A case that proved these elves may be more powerful than suspected was when road workers in Siglufjordur covered a stone believed to hold a lady elf. After it was buried, mudslides occured along the road meaning work was disrupted, and bulldozers broke down. A reporter even sank to his middle in mud!
These elfin stones are classified as artefacts due to their connection to folklore, so the stone was restored and cleaned. Do you think it was elf mischief or a freak weather incident? Either way, we're happy the artefact was put back!
Deacon of Dark River
Here's an old Icelandic ghost story- spooky! It takes place in North Iceland, in the Horgardalur valley, and the most popular version of the tale is from the Folklore of Jon Arnason.
A deacon lived at Myrka farm (the name translates to Dark River), across the Horga river from his sweetheart Gudrun. He crossed the river in winter to discuss their plans for Christmas, where he'd pick her up and travel with her to Myrka.

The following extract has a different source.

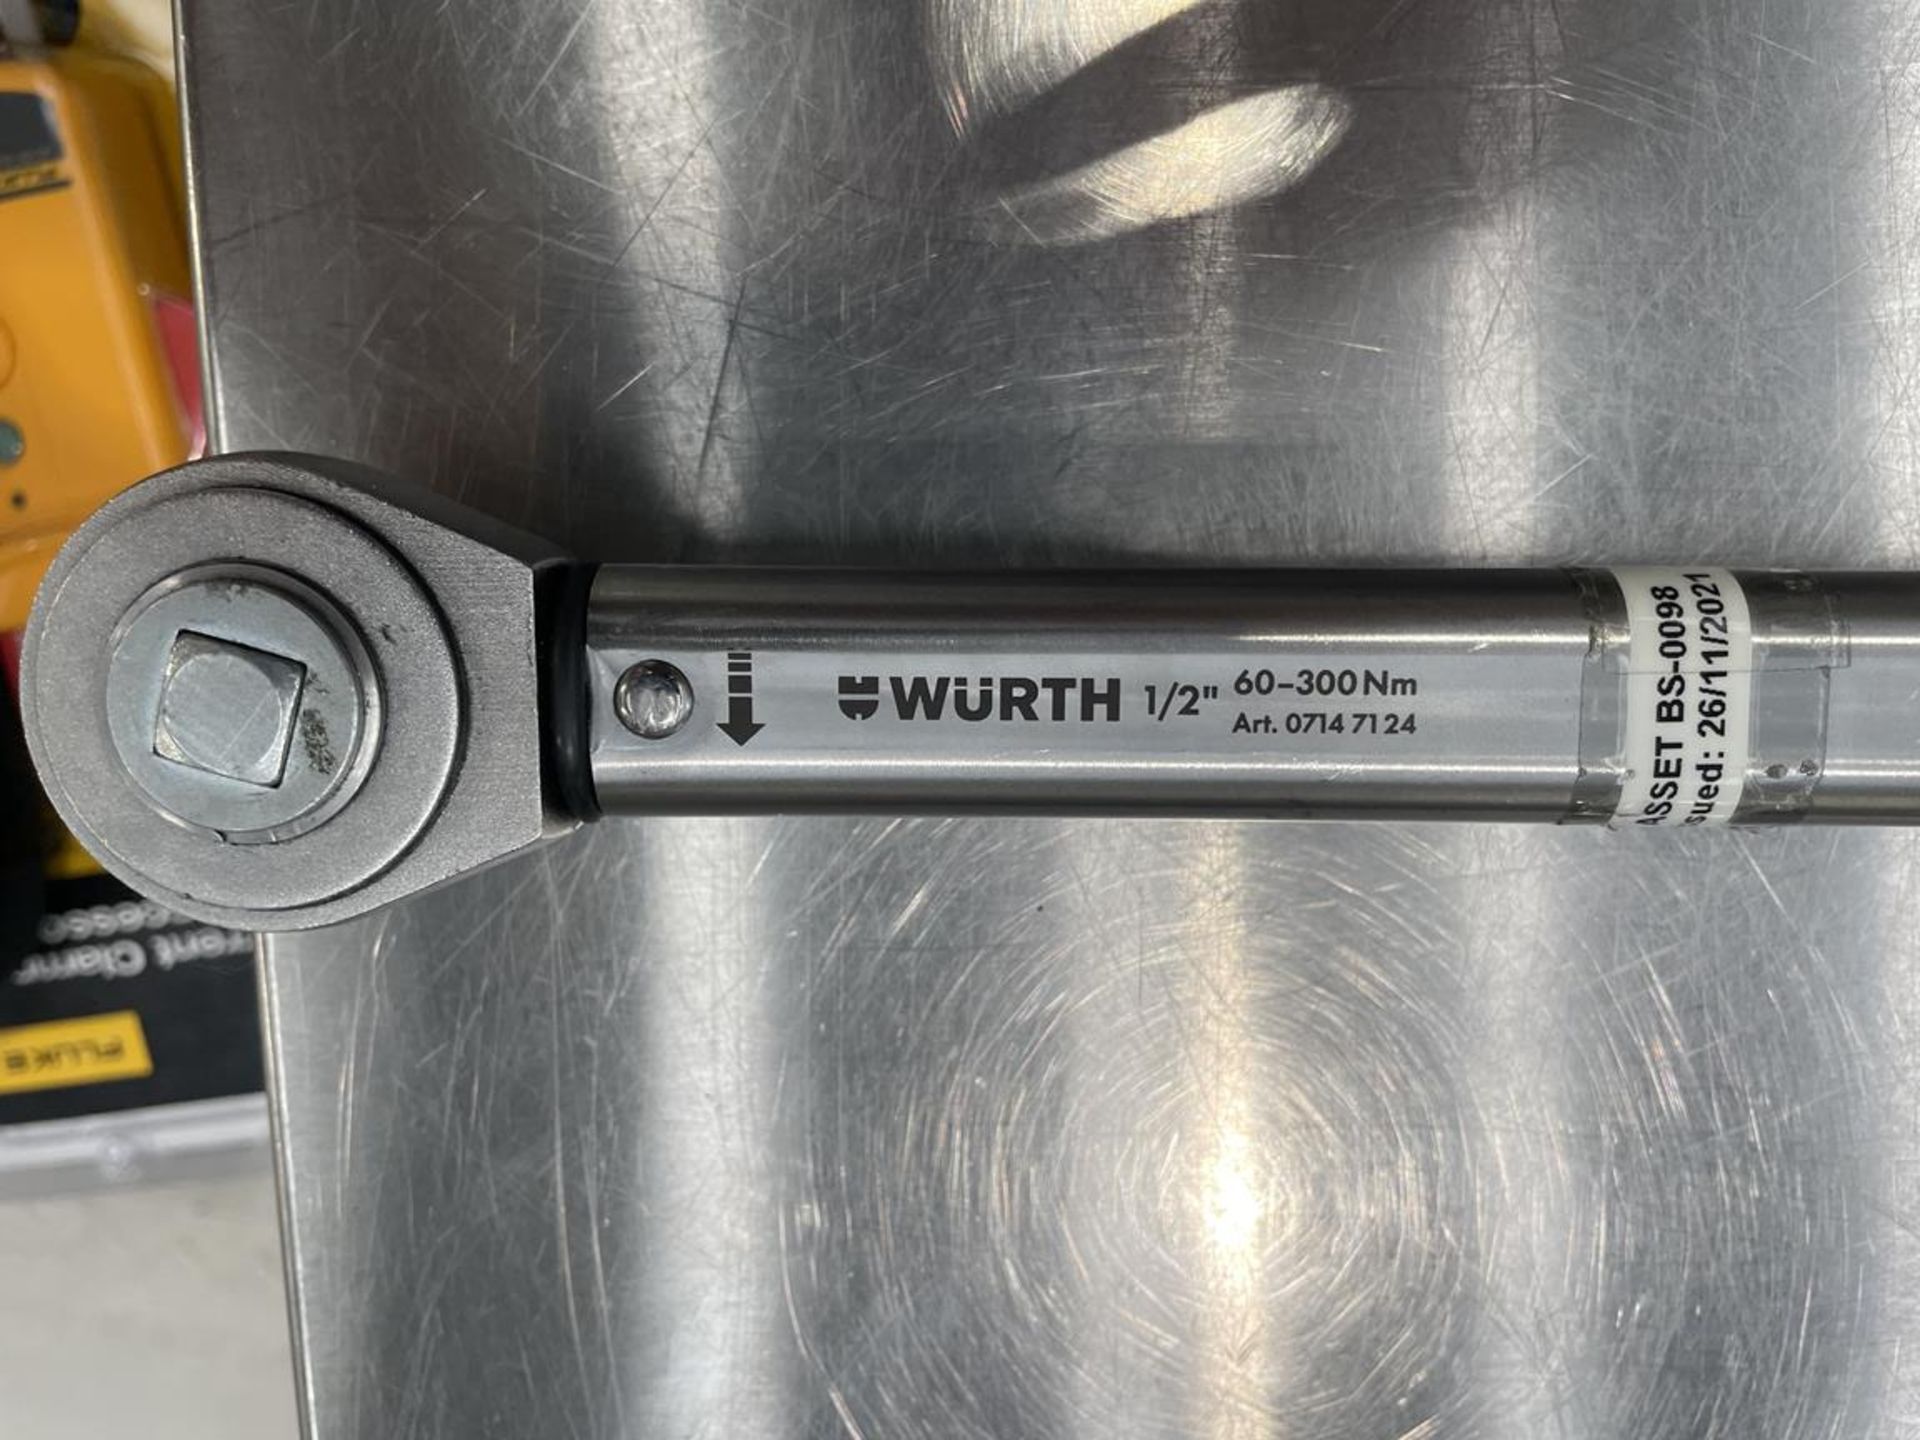 Wurth 1/2" torque wrench, 60 - 300Nm - Image 2 of 4

Riding home and thinking of Gudrun, the deacon met an untimely fate when the bridge he was travelling broke, and he hit his head on a slab of ice in the river. Poor Gudrun didn't know her beloved had drowned, so it was no bother when he came to pick her up for Christmas a week later.
However, the deacon did not speak and his head was bound with scarves and a hat. Gudrun got a shock when his hat shifted and she saw the deacon's skull! He had come to pull her into an open grave, so they could be together, but luckily Gudrun escaped with her life. The grave filled up and the deacon disappeared. Hauntings took place for a fortnight afterwards, until a sorcerer moved a large rock on top of the deacon's grave.
You can still see the rock today- have you got chills?
Witches of the Westfjords
Bizarrely, most accused witches in Icelandic folklore were men- a very different case to witch hunts in Europe and America. Holmavik in the Westfjords is home to the Museum of Icelandic Sorcery and Witchcraft, where you can see 'necropants' made of dried skins- creepy... They were apparently used in a spell from the 17th century, to bring riches to the conjuror.
Icelandic history and culture is rich in folklores and ancient sagas- we hope you enjoyed these creepy tales that might have been told on a cold night in a mud hut!